Your goal: What is needed is an exact copy of the data below, pictures excluded.

Data segment:
────
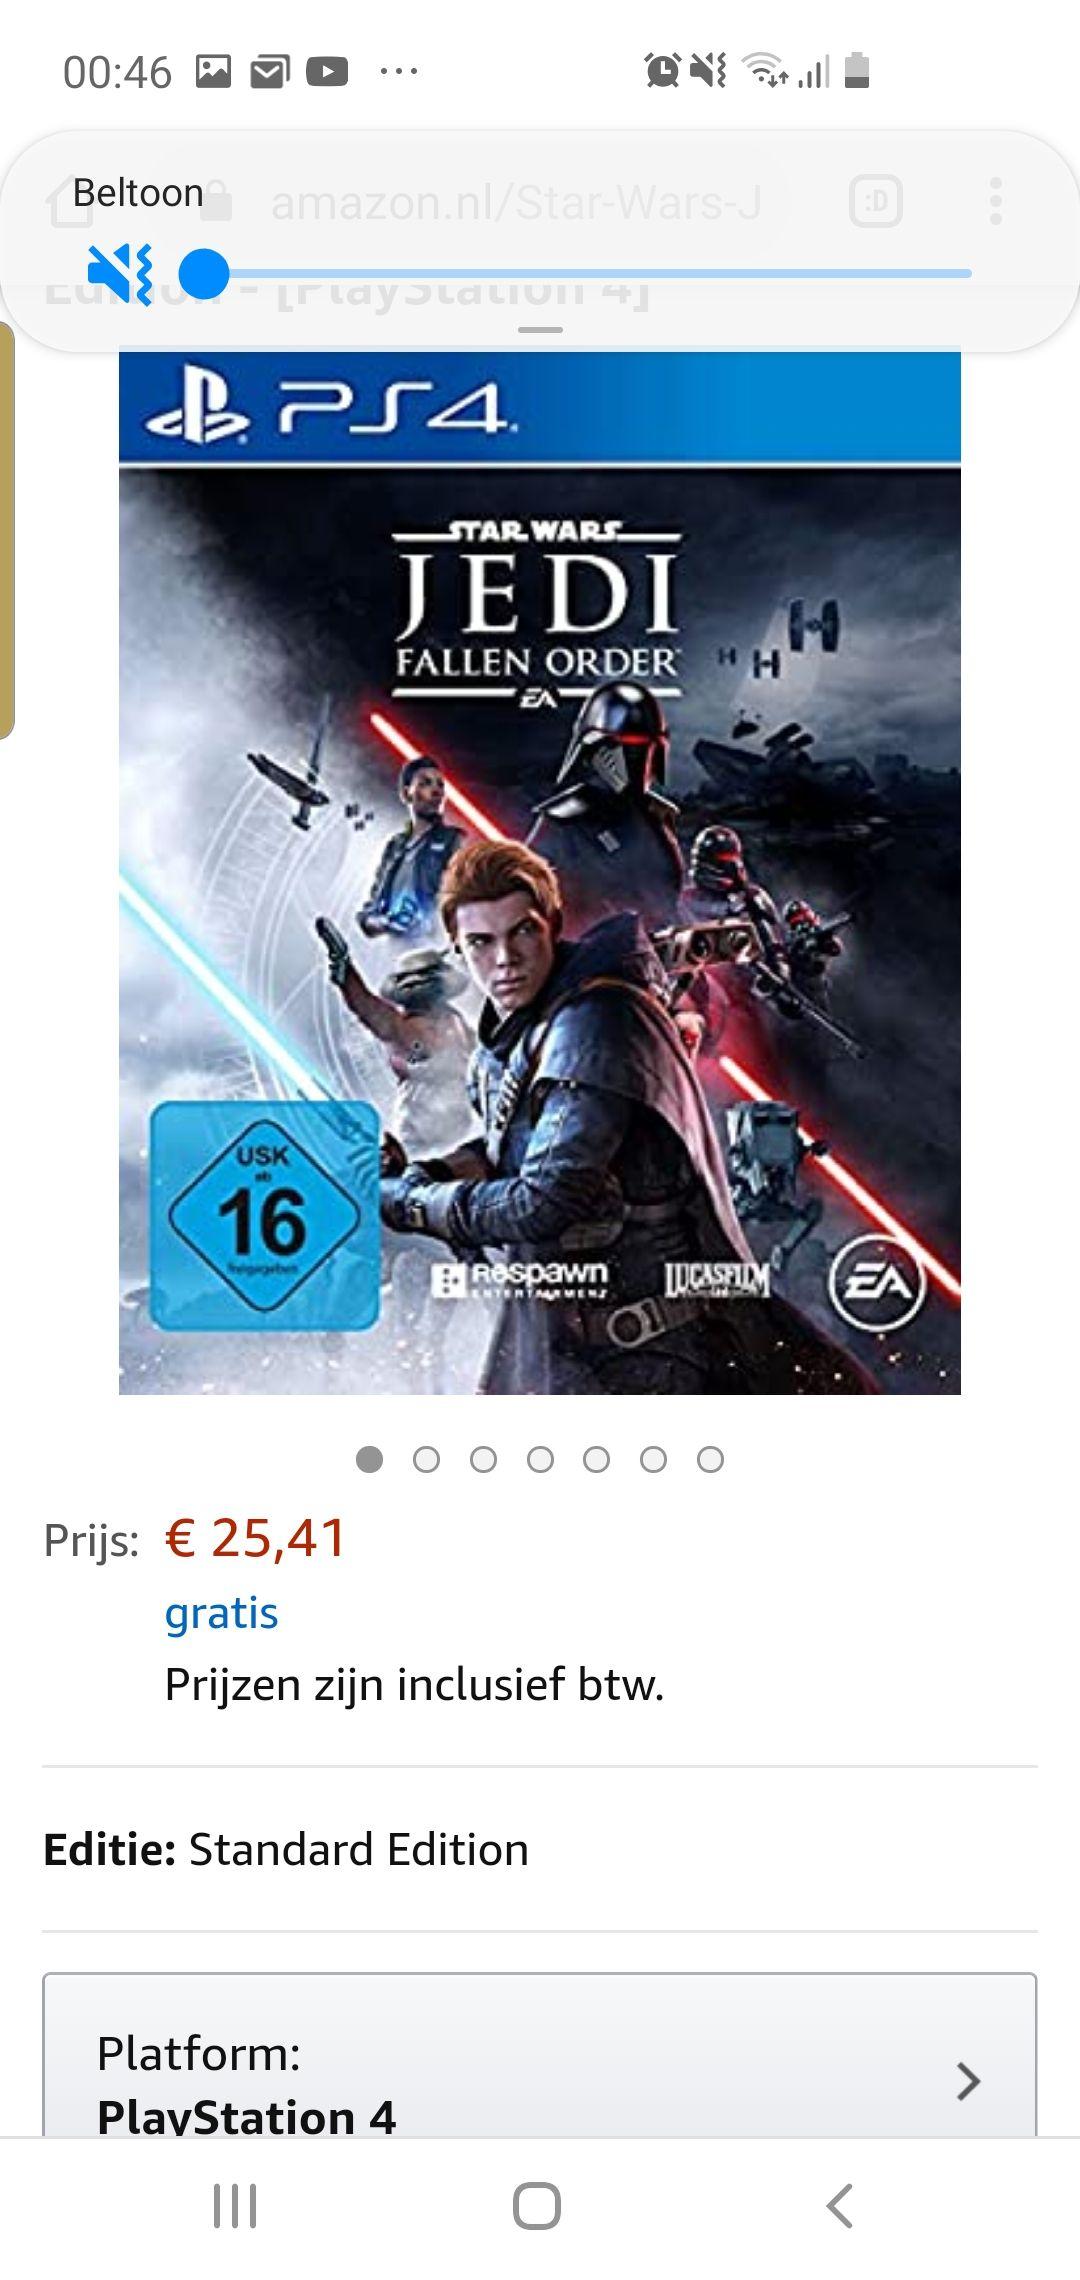 Star Wars Jedi: Fallen Order PS4 @ Amazon.nl
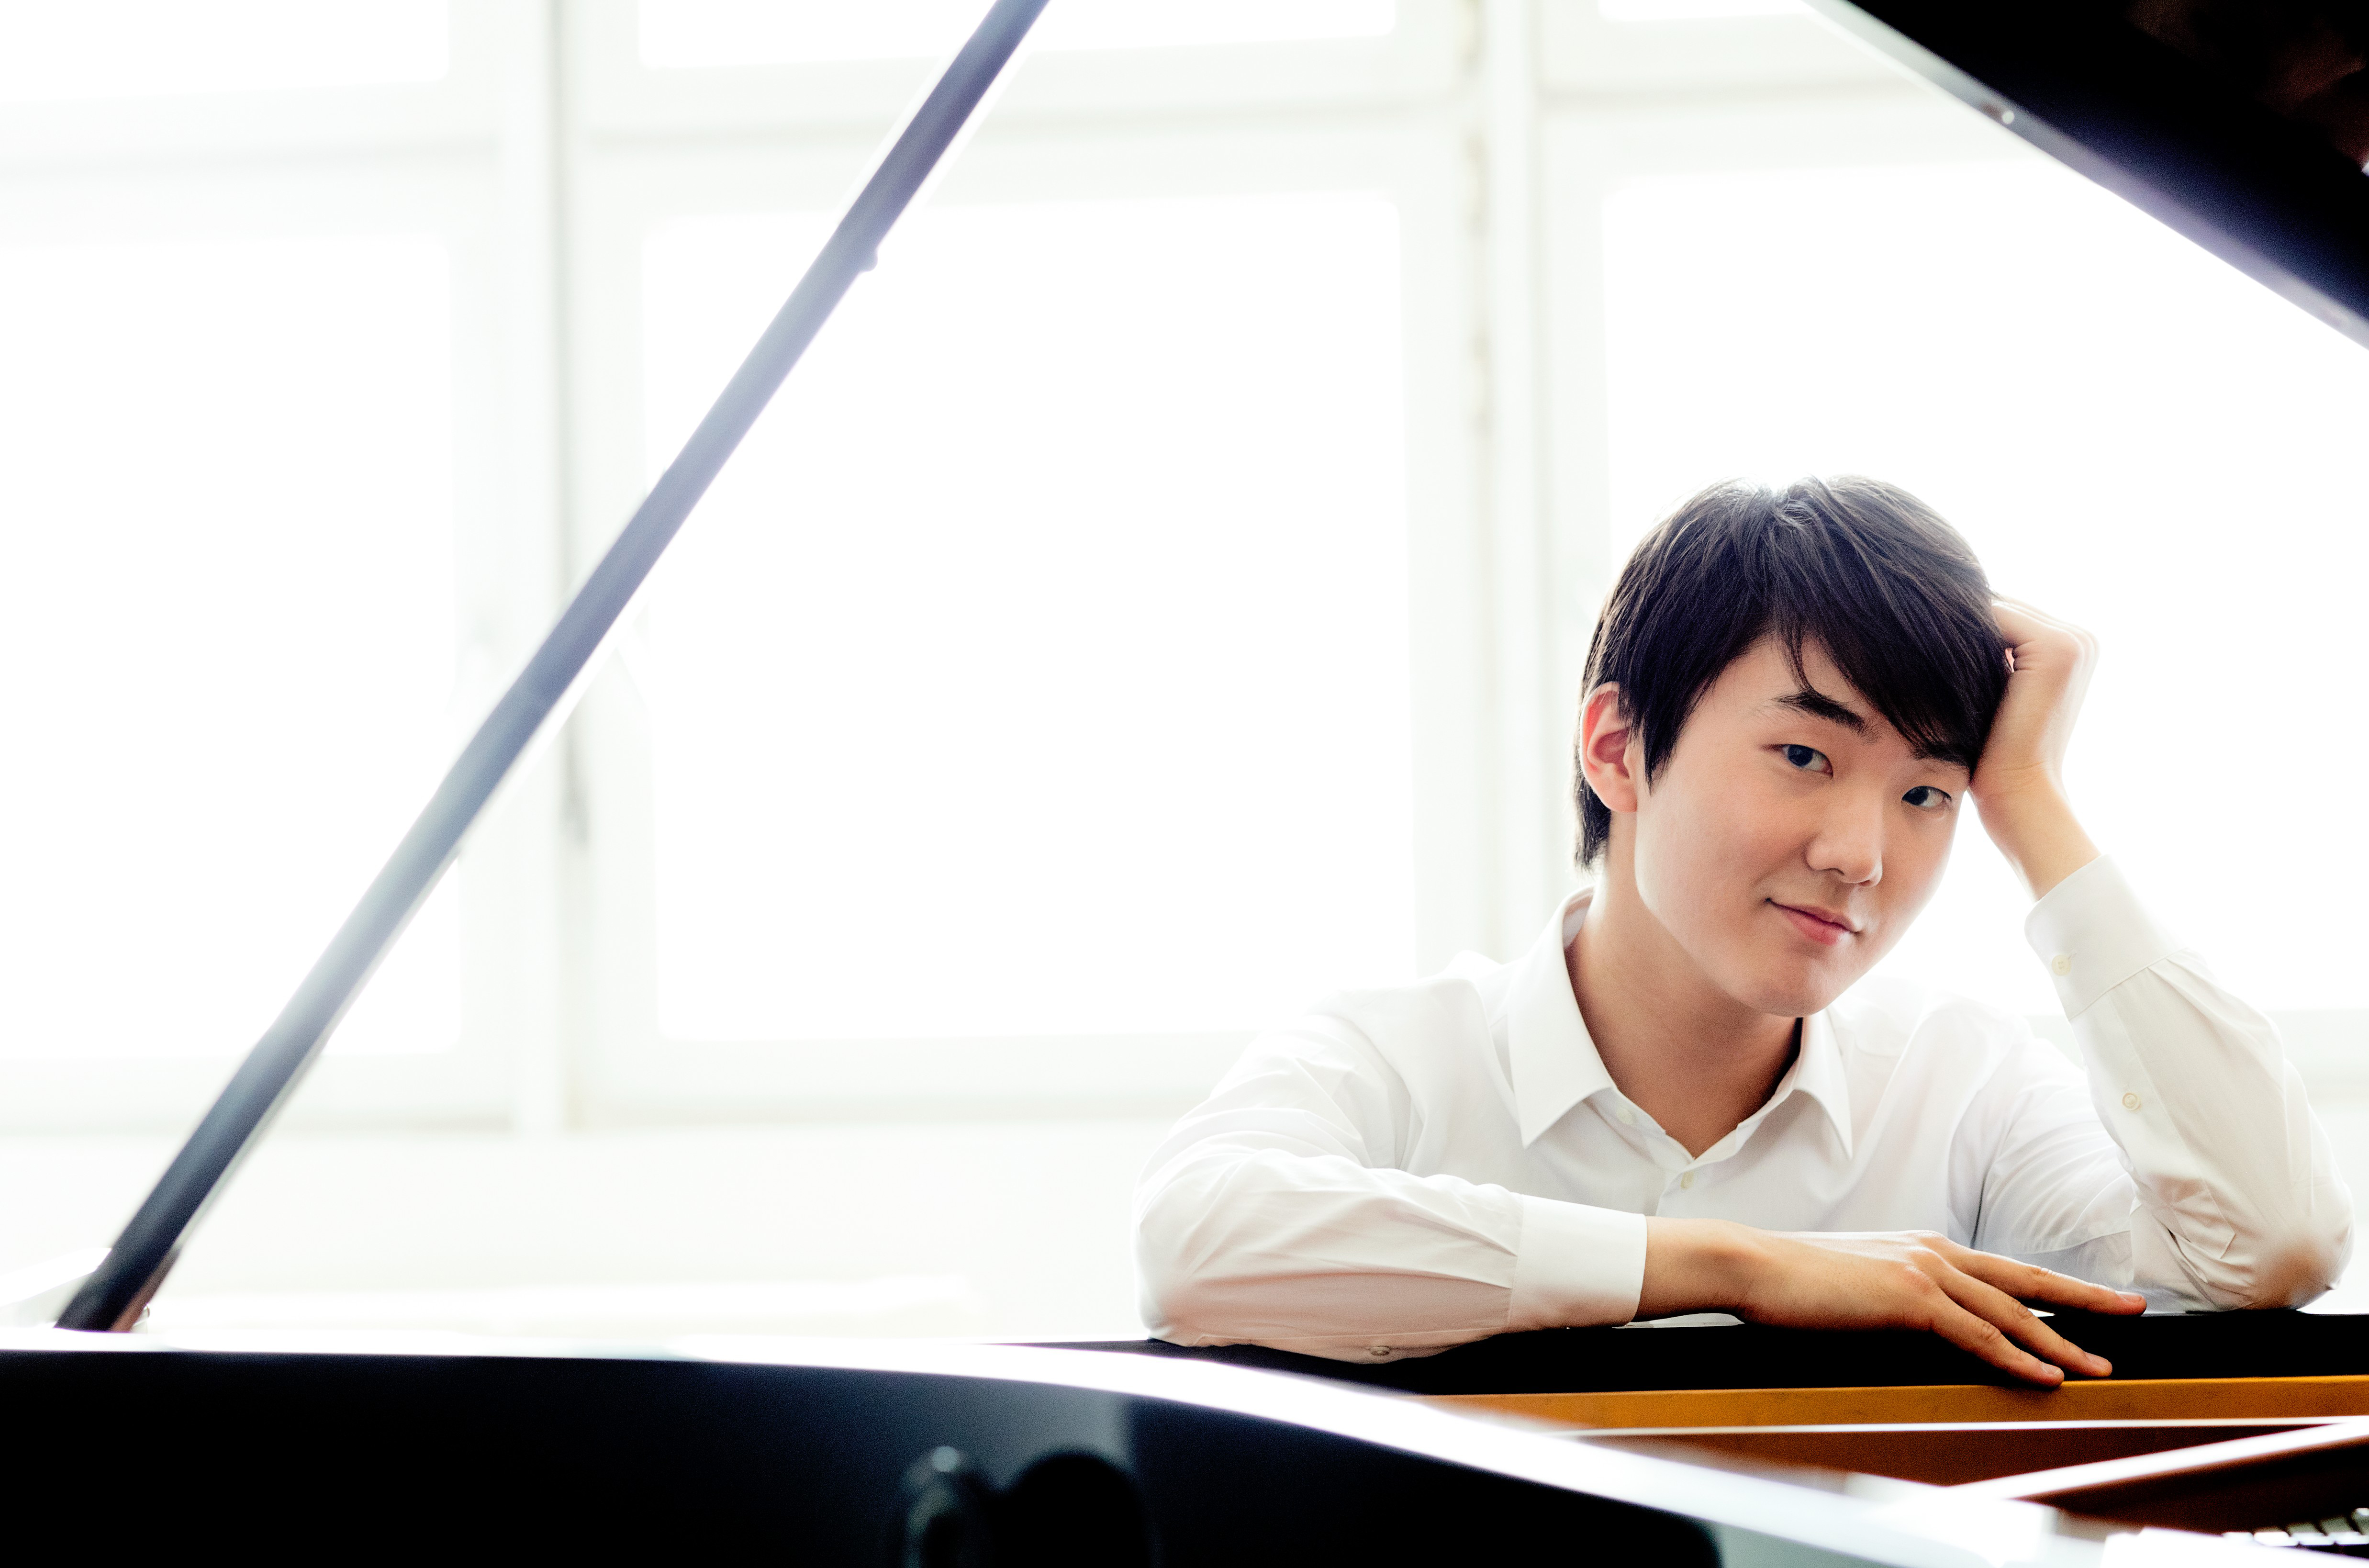 New Jersey Symphony Orchestra: Seong-Jin Cho Plays Chopin
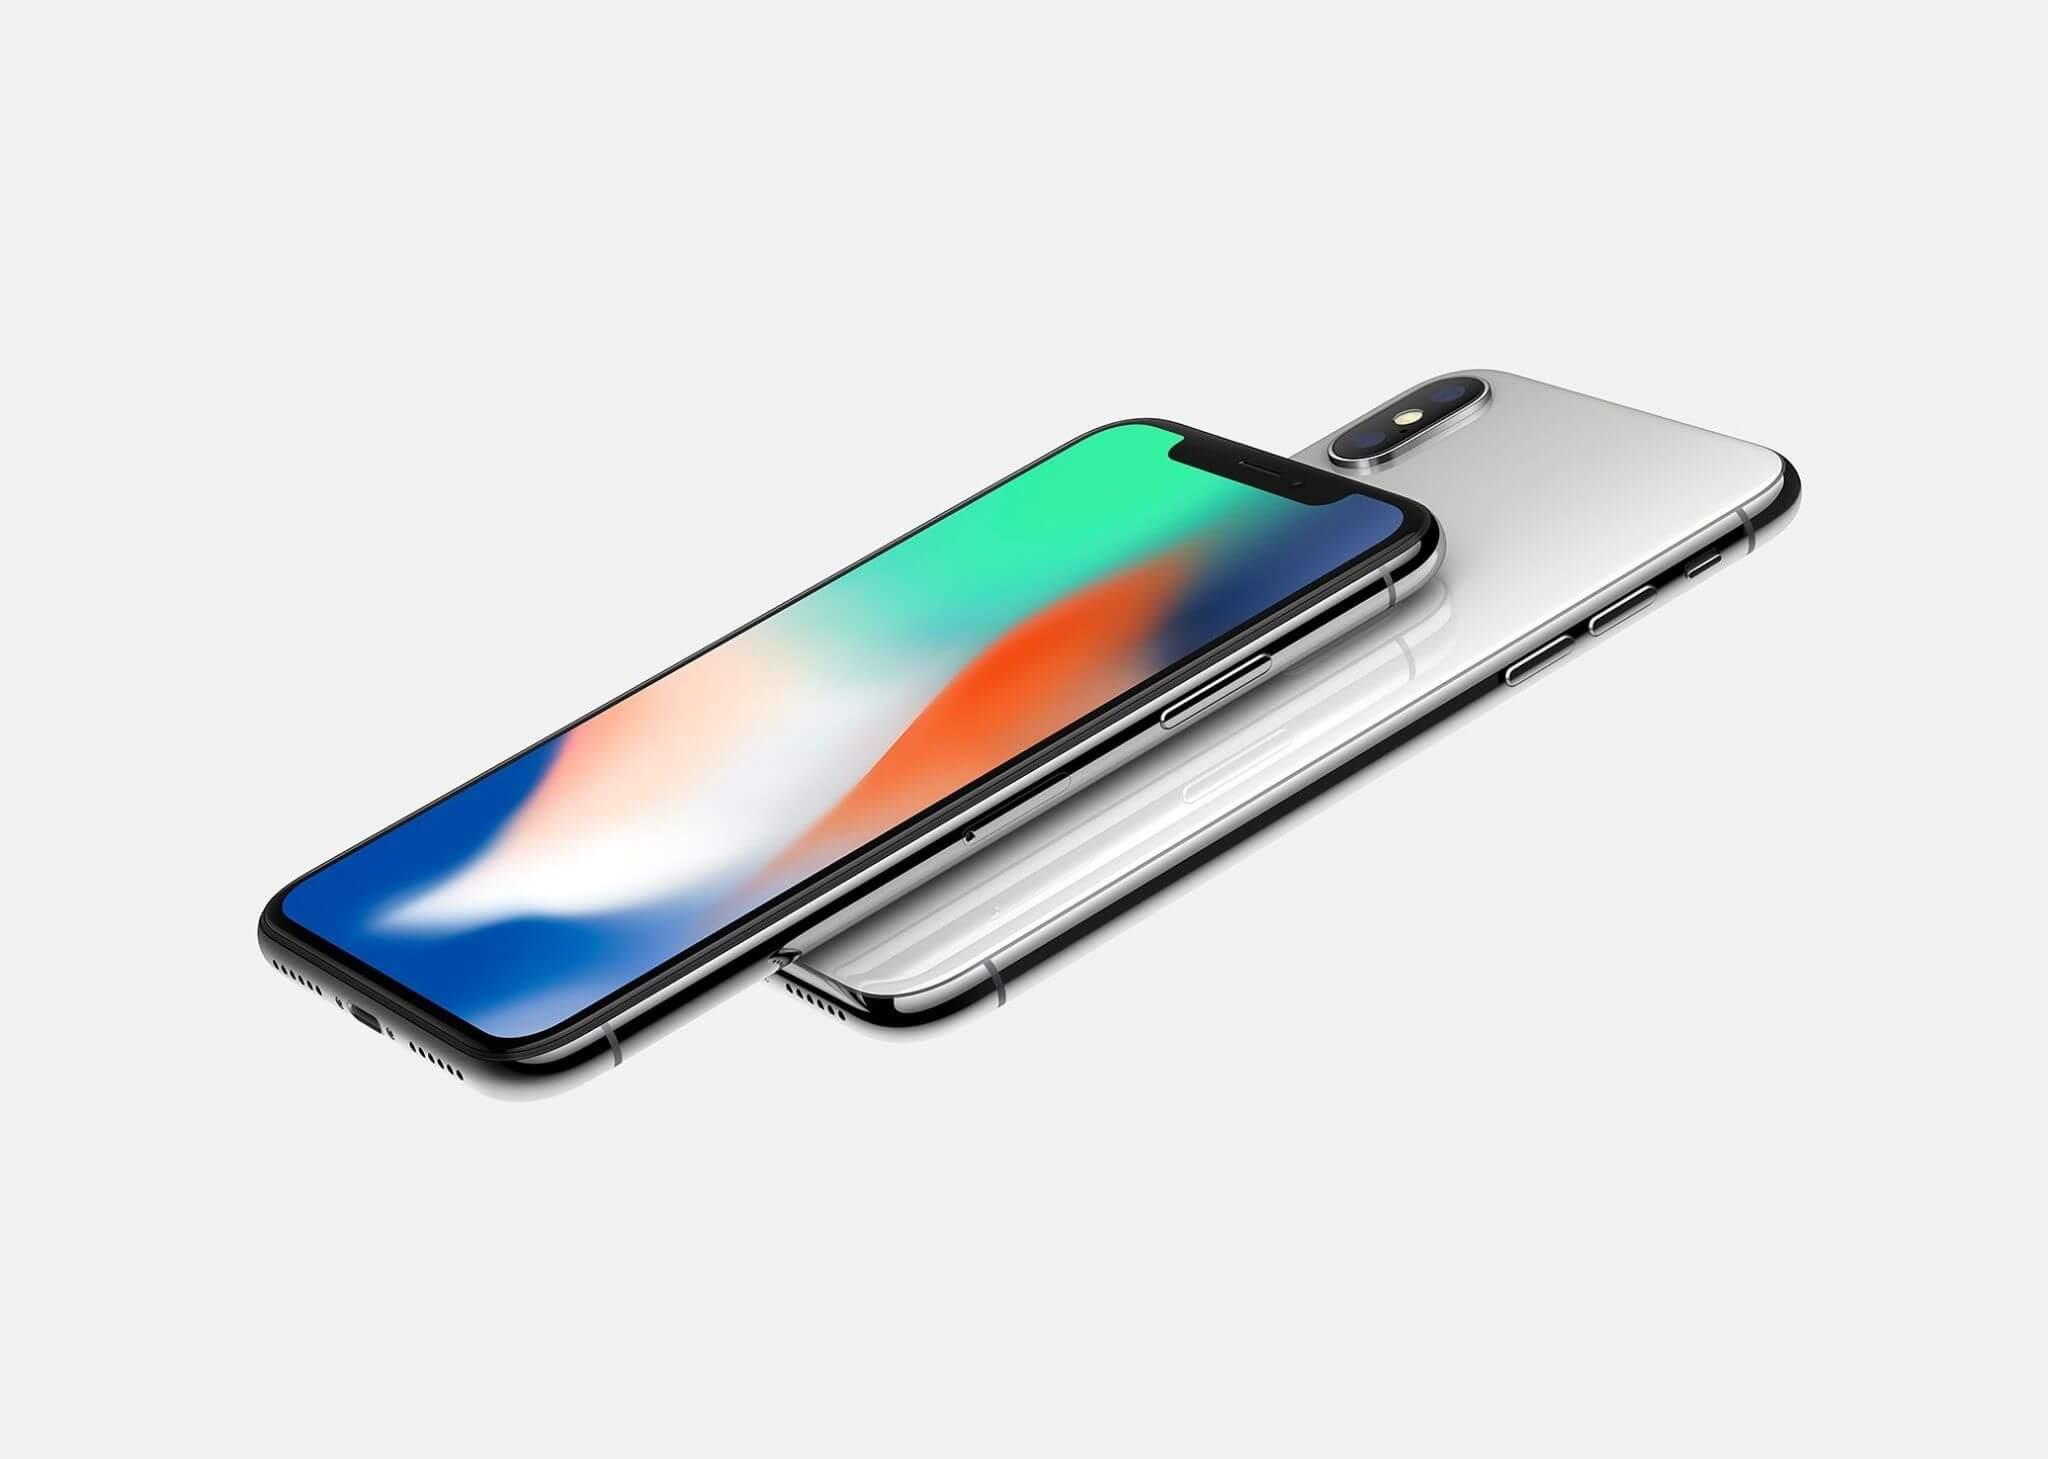 iphone x gallery1 2017.0 - Apple: Watch 3 e iPhone X chegarão ao Brasil ainda neste ano
────
Response:
 Star Wars Jedi: Fallen Order PS4 @ Amazon.nl
 New Jersey Symphony Orchestra: Seong-Jin Cho Plays Chopin
 iphone x gallery1 2017.0 - Apple: Watch 3 e iPhone X chegarão ao Brasil ainda neste ano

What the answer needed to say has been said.